(from 2015)
Normally I take
about six hours sleep. As an internet junkie, I have to search all my various
email boxes (five and rising) before retiring, and when I wake, I tend to
stagger out of bed just to see what America has been up to while I have been in
dreamland. But this night, our second from last before leaving a folk festival
in Scotland, I slept for eleven hours.
That is unheard of. Not for several decades. I must have been really
relaxed, or really tired, or really sung out. But - I did have some weird
dreams, and woke up with a start (courtesy of Mrs O) so the memory sort of
lingered.
There’s a
well-known song in the folk world called Bob Dylan’s Dream. Occasional’s Dream
can’t compete with that, and is never going to morph into song,
So, to coin a
phrase from Les Mis, I dreamed a dream. I know it is difficult to dream
anything else, but if musicals can resort to tautology, so can my blog post. In
my dream we were going to a wedding at 5 pm, which is a strange time for the
UK. The timing was very precise as was the location, a place called Ebbw Vale.
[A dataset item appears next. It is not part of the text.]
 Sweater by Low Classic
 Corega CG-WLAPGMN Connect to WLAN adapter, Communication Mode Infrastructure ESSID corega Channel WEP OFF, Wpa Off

We were taking someone as a passenger - but I cannot remember who. On the way I
decided to stop and share in some house to house visits - but why I don’t know.
We parked the car and walked into unfamiliar territory which our passenger
knew. Mrs O and I got snarled up talking to someone who had a point of view -
which is always an improvement on no point of view in my estimation - even if I
disagree with it. When we reappeared, our passenger had gone. We retraced our
steps, so we thought, to find the car - but got lost. Where were we? No idea.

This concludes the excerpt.